The Sunbird Page 9
‘Why do they call you Sunbird?’ she asked later, and I repeated her question to. Xhai.
He jumped up and did his celebrated imitation of a sun-bird, darting his head and fluttering his hands. It was convincingly done, for bushmen are wonderful observers of nature.
‘They say that’s how I act when I get excited,’ I explained.
‘Yes!’ Sally exclaimed, clapping her hands with delight as she recognized me, and then they were all laughing.

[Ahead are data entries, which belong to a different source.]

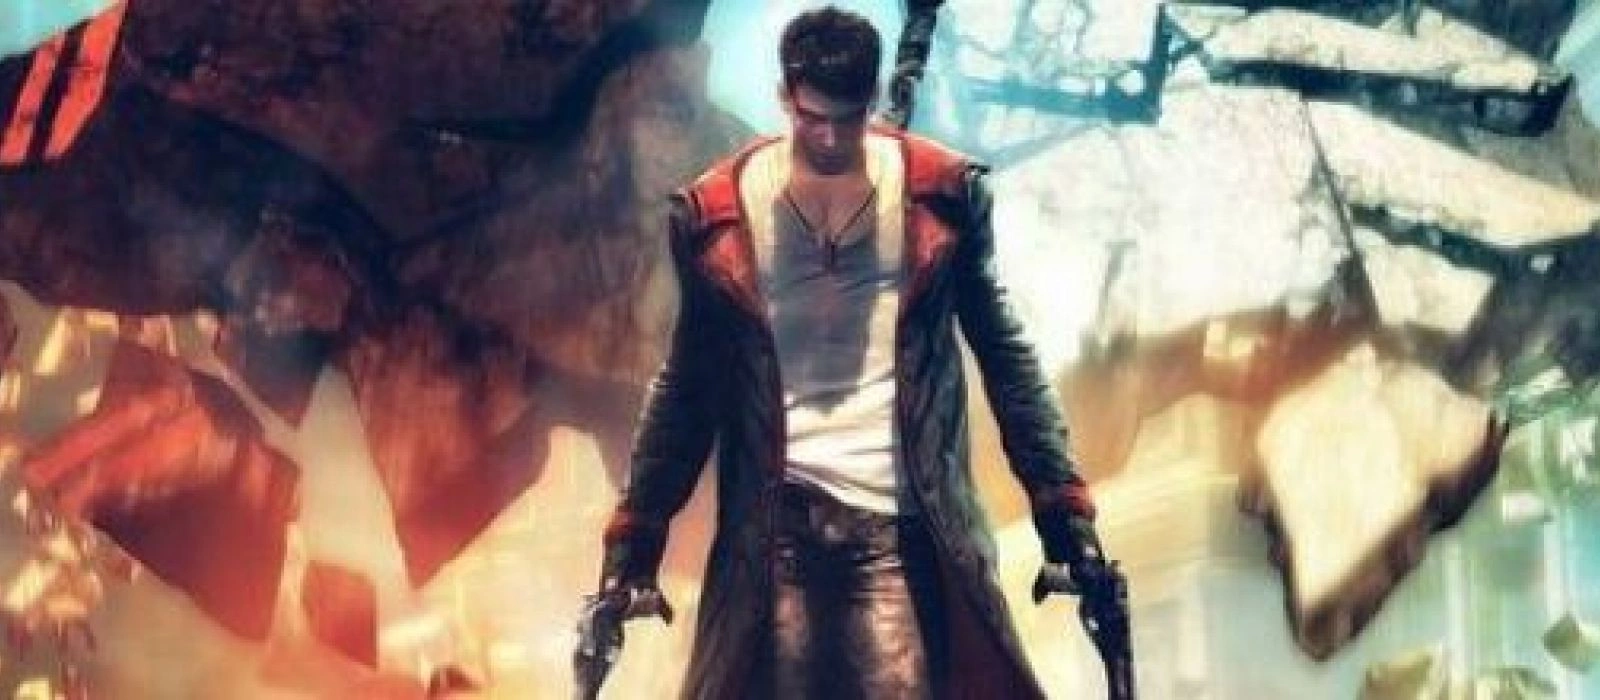 Devil may cry 3 steam not found фото 106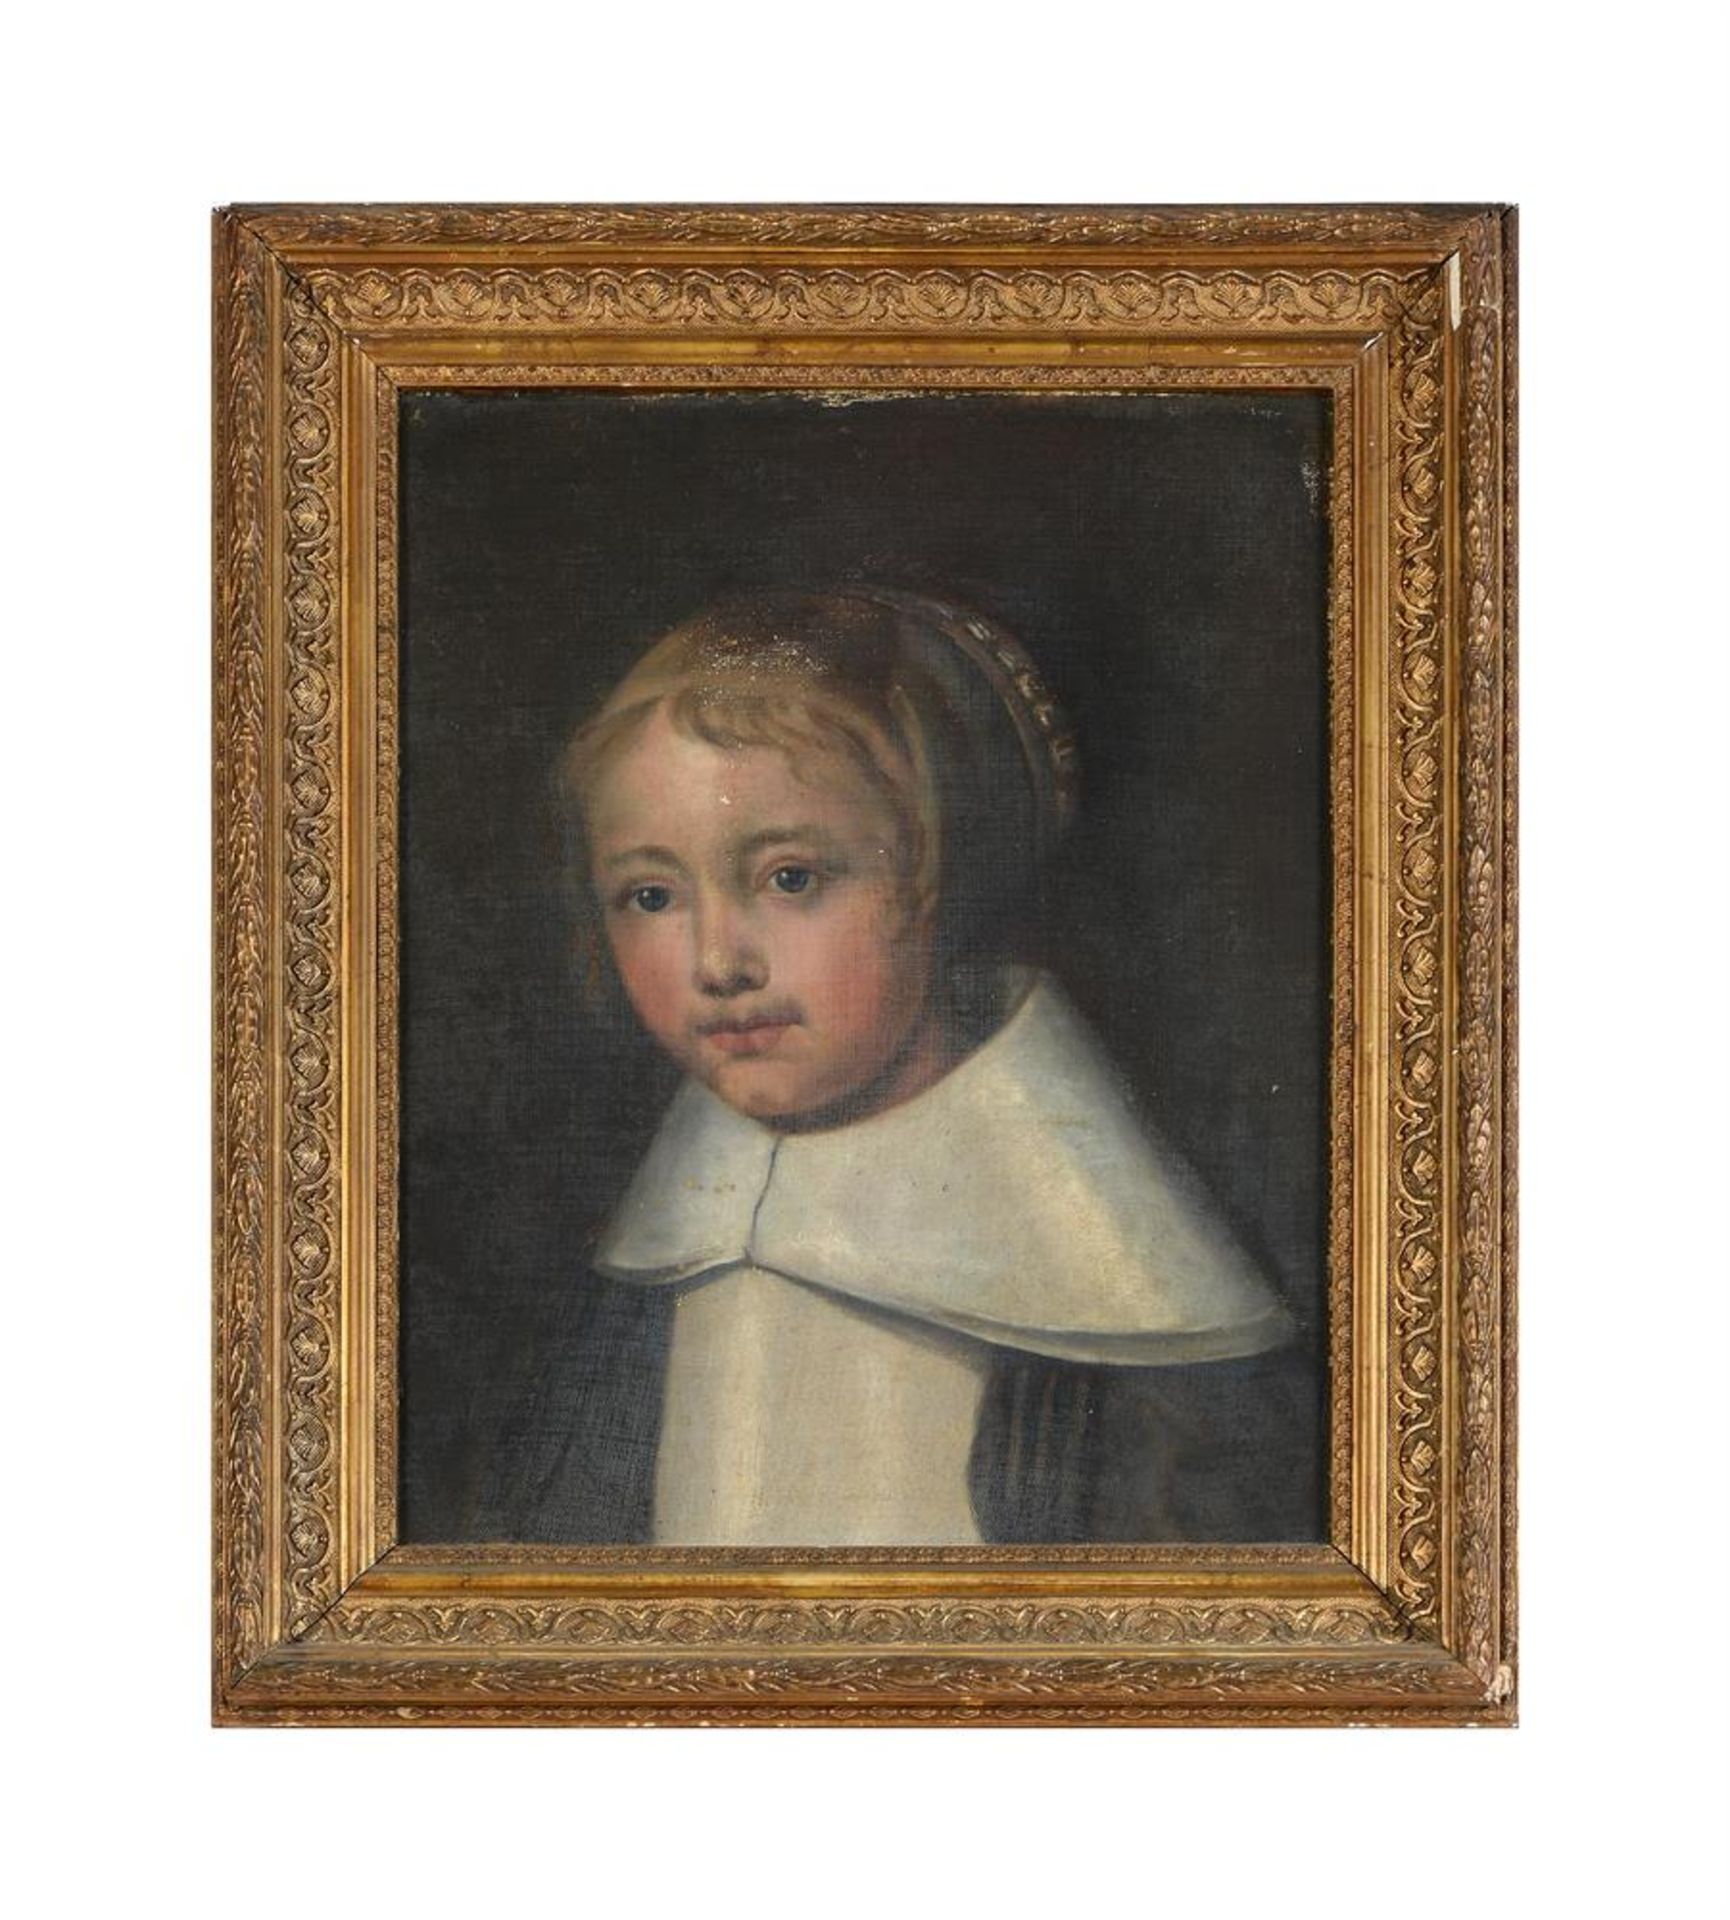 DUTCH SCHOOL (LATE 19TH CENTURY), A STUDY OF A YOUNG GIRL IN 17TH CENTURY COSTUME - Image 2 of 2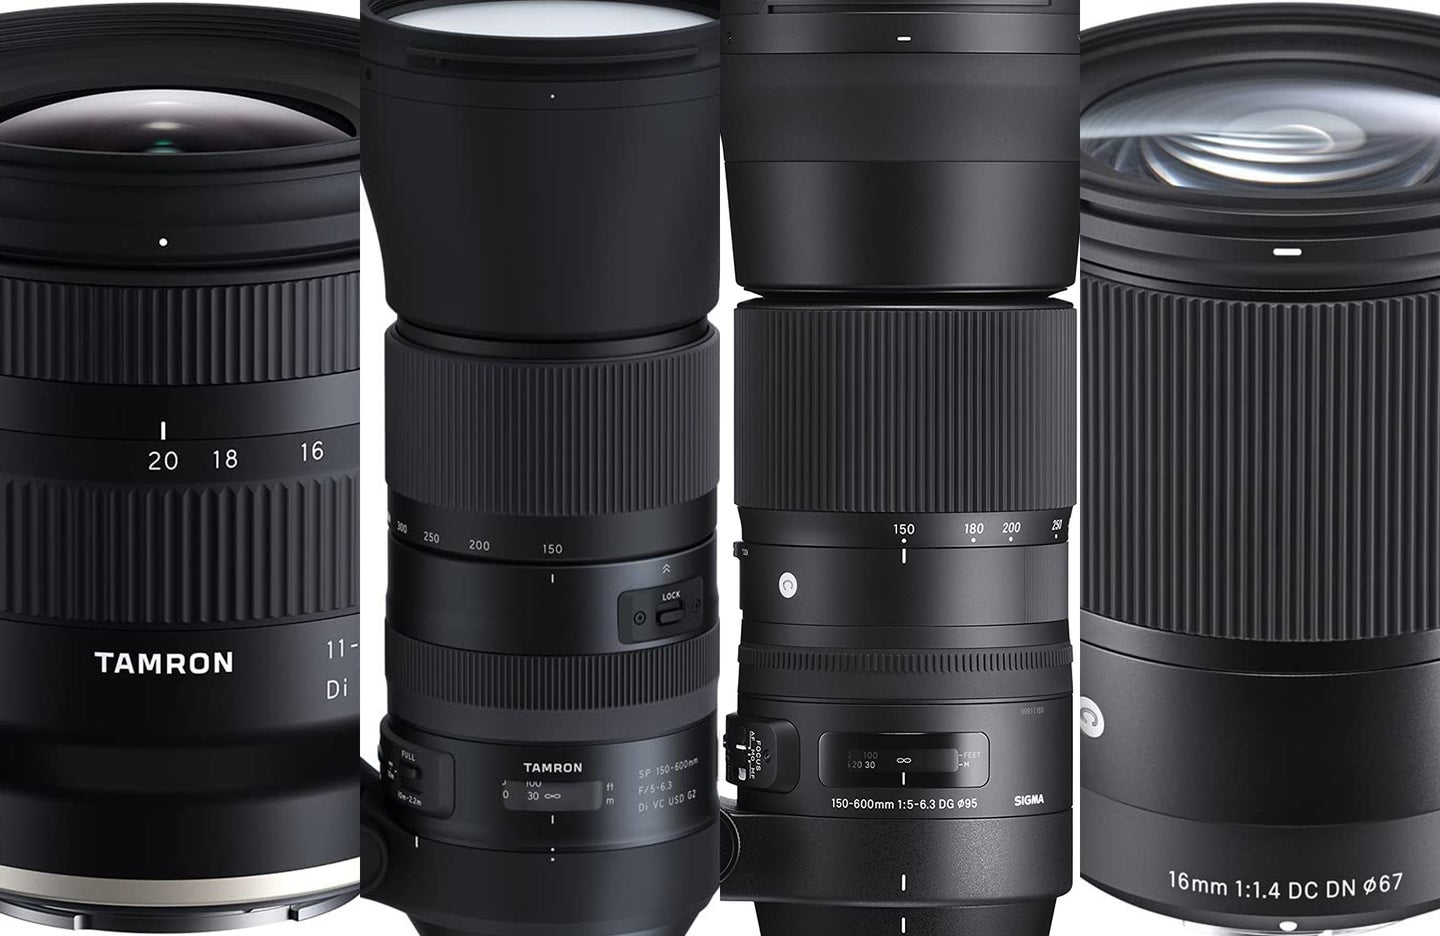 Save on Tamron and Sigma lenses during this early Black Friday sale.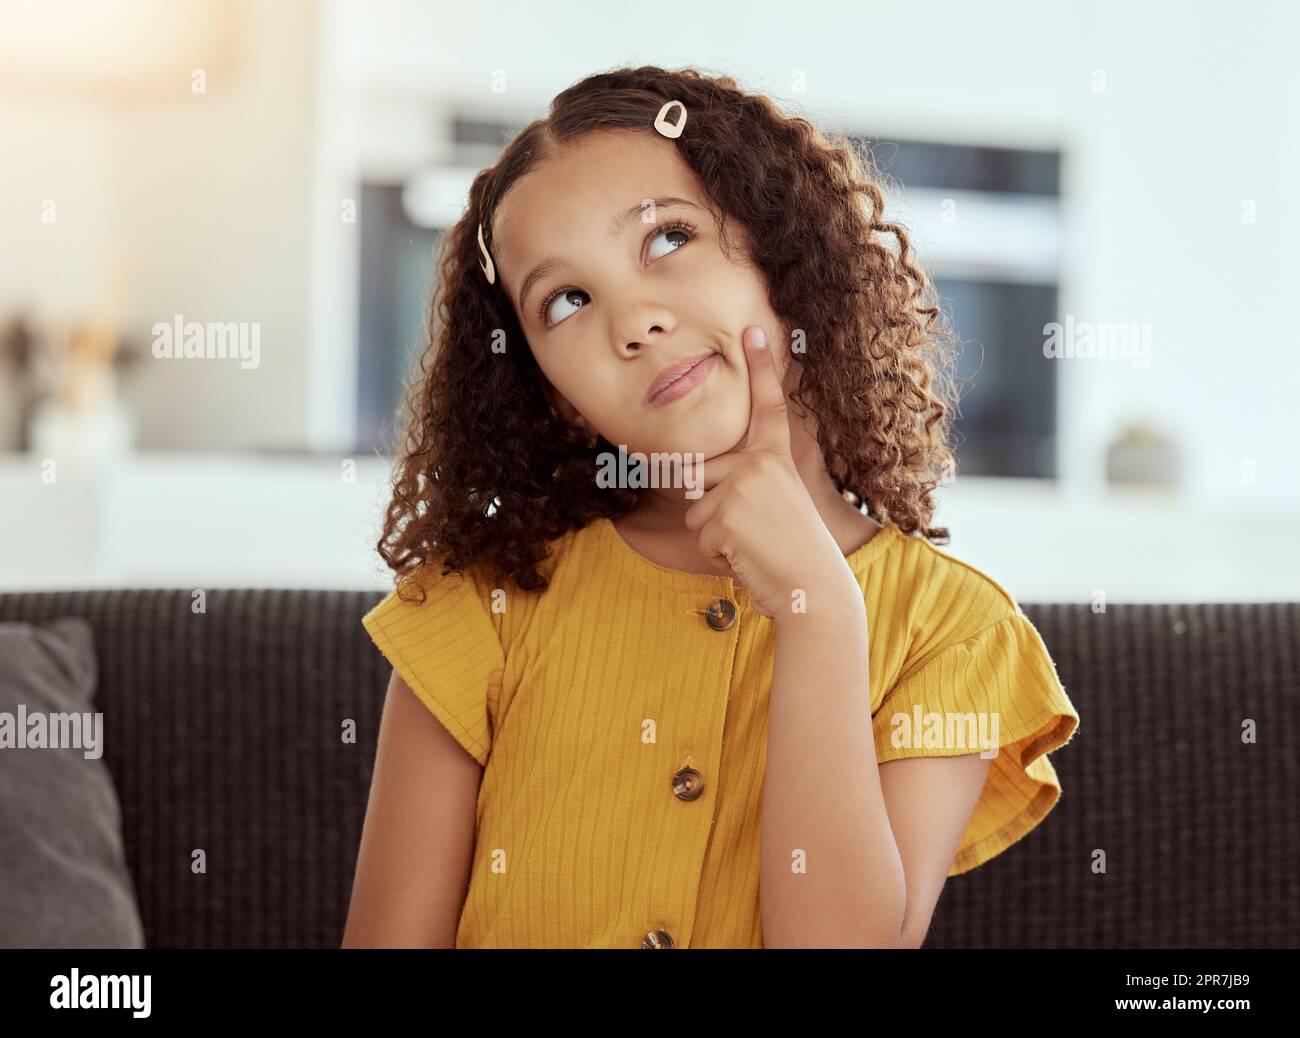 Adorable little mixed race child thinking at home. One small cute hispanic girl sitting alone on a sofa in a living room and coming up with an idea. Bored young kid with curly hair with a solution Stock Photo

In the morning we went to the cave together, all four of us, and in that setting the little men were completely at home. I photographed them, and Sally sketched them as they sat on the rocks by the pool. She was fascinated by their delicate little hands and feet, and their enlarged buttocks, a recognized anatomical peculiarity named steatopygia, which enabled them to store food like a camel stores water, against the contingencies of the wilderness. Ghal remarked to Xhai on the activity in which Sally and I had been engaged beside the pool when he discovered us the previous day, and this led to much earthy comment and laughter. Sally wanted to know the source of it, and when I told her she blushed like a sunset, which was a pleasant change, for I am usually the blusher.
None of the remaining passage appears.